Output exactly the lines below from the one containing "Collage showing how" to the last line, both included. Omit pictures.

• **DATASET SECTION**
⁂
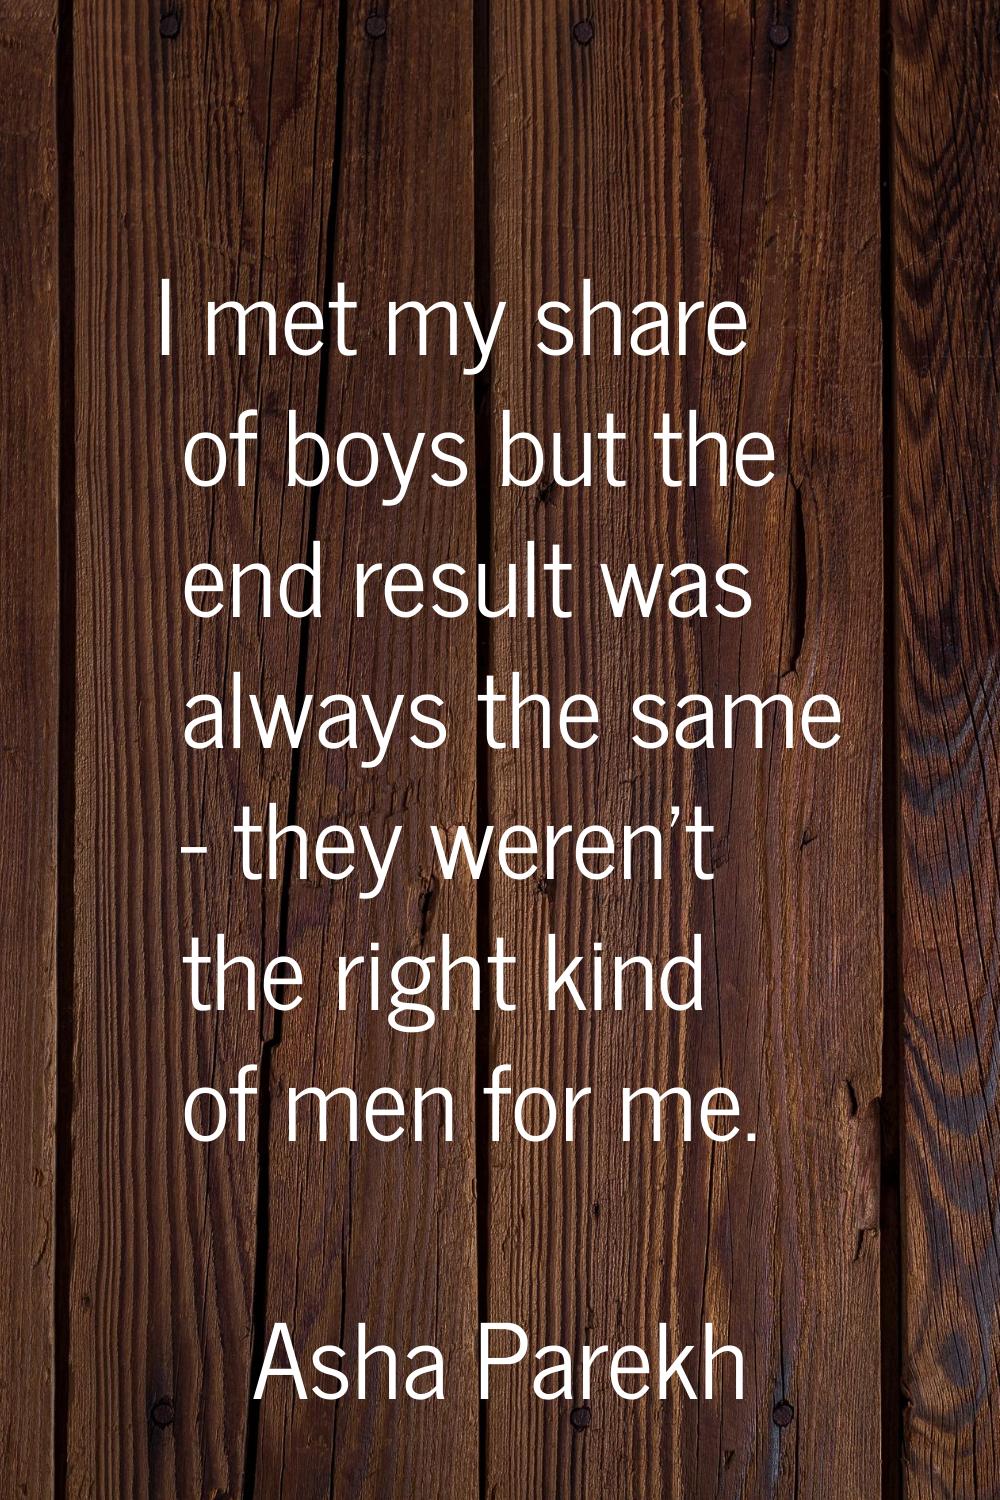 I met my share of boys but the end result was always the same - they weren't the right kind of men 
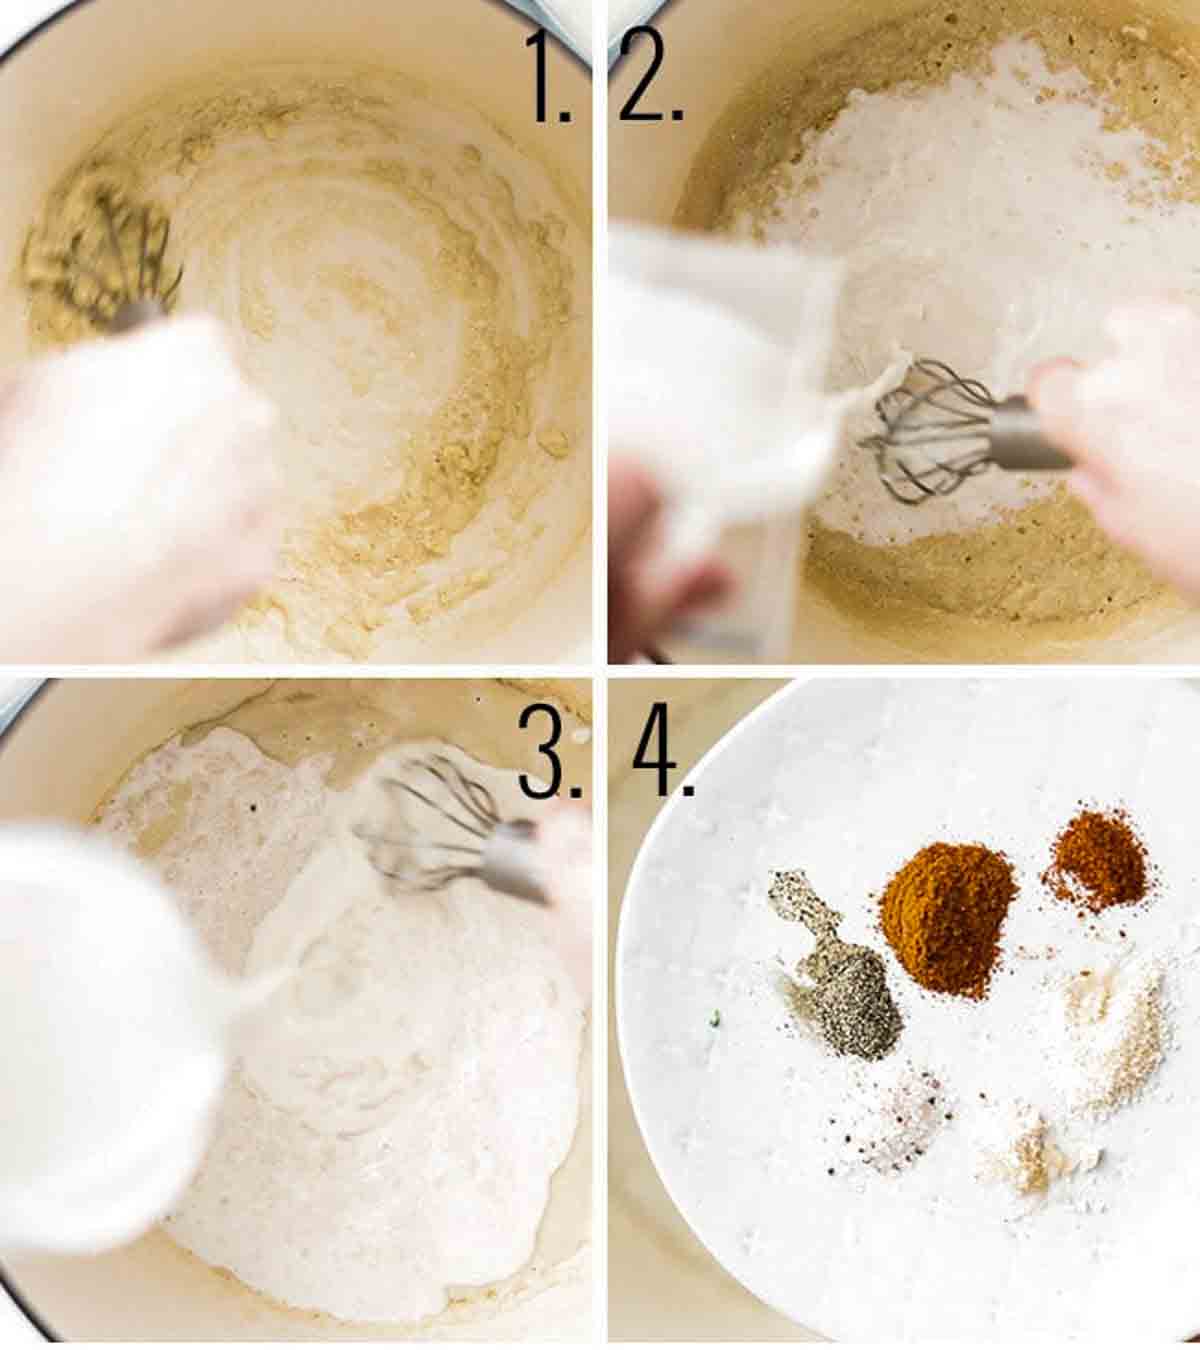 Collage showing how to make a spiced cheese sauce.
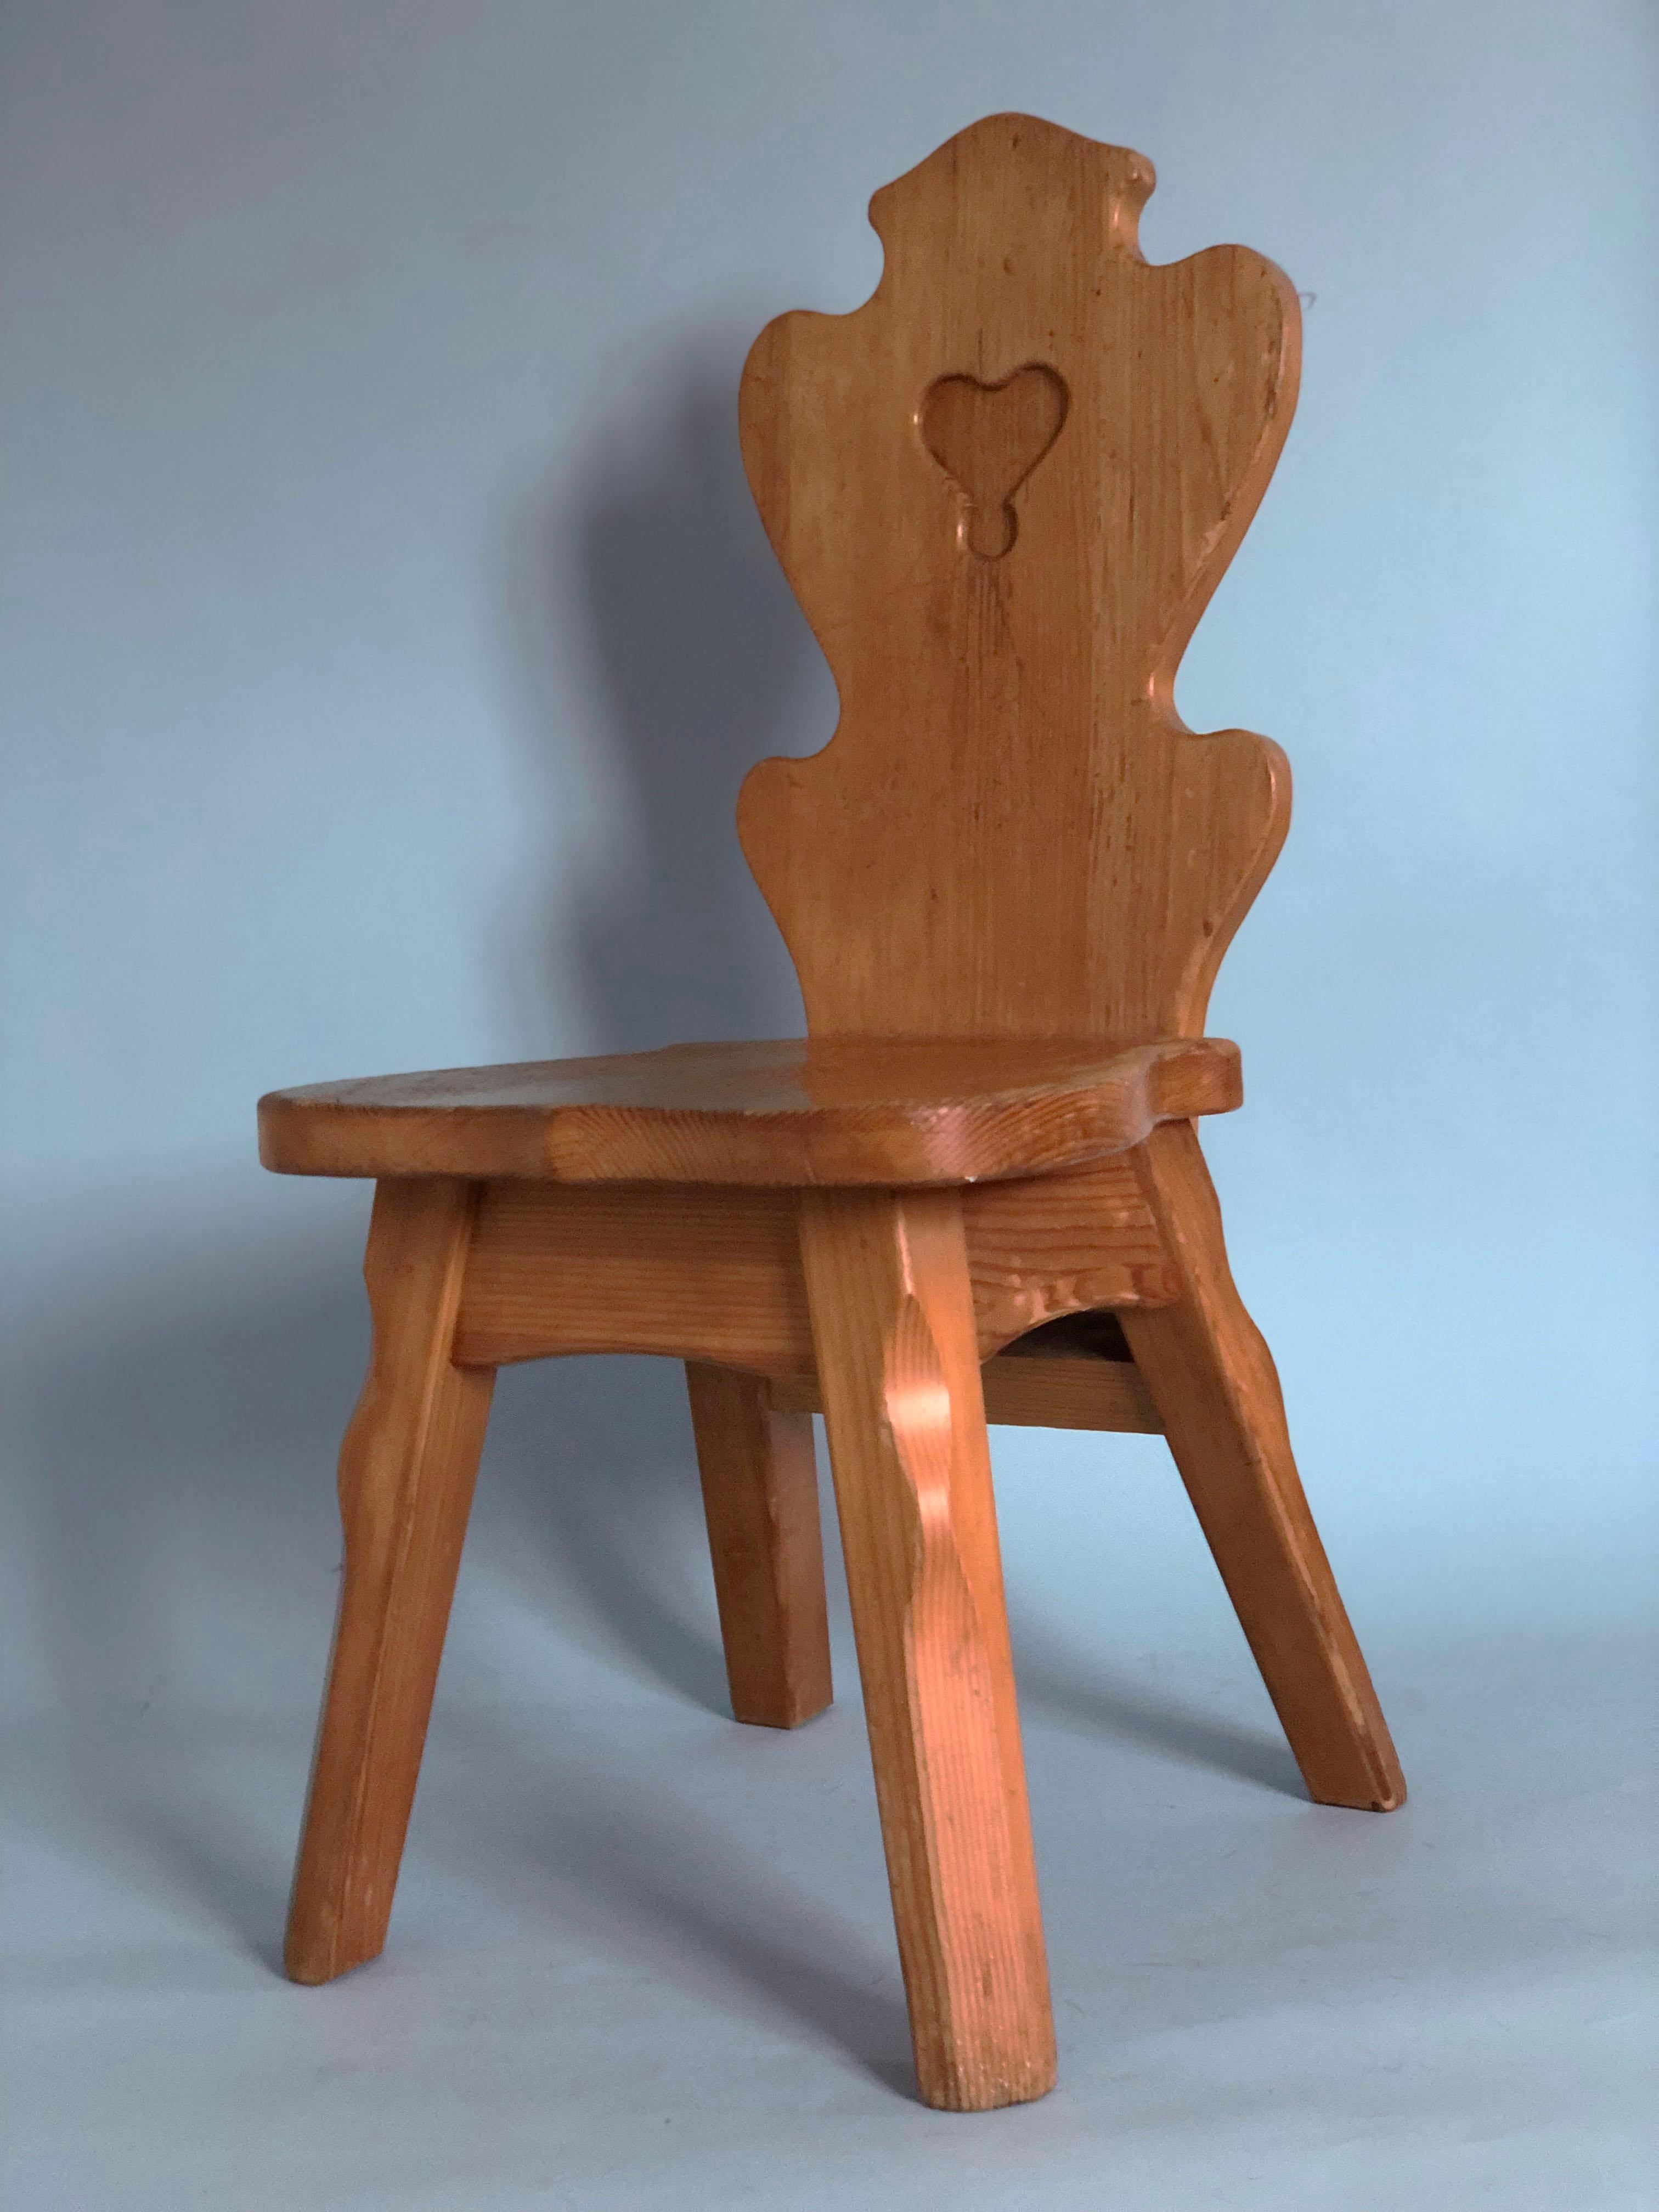 Mid Century Scandinavian dining chairs from Sweden, 1960s. The seat and back are shaped for a good sitting position. A heart is cut in the back. Very thick, angular design typical of the brutalist aesthetic. They are made from solid pine and are
⁂
• **ANSWER BOX**
 Collage showing how to make a spiced cheese sauce.
 Mid Century Scandinavian dining chairs from Sweden, 1960s. The seat and back are shaped for a good sitting position. A heart is cut in the back. Very thick, angular design typical of the brutalist aesthetic. They are made from solid pine and are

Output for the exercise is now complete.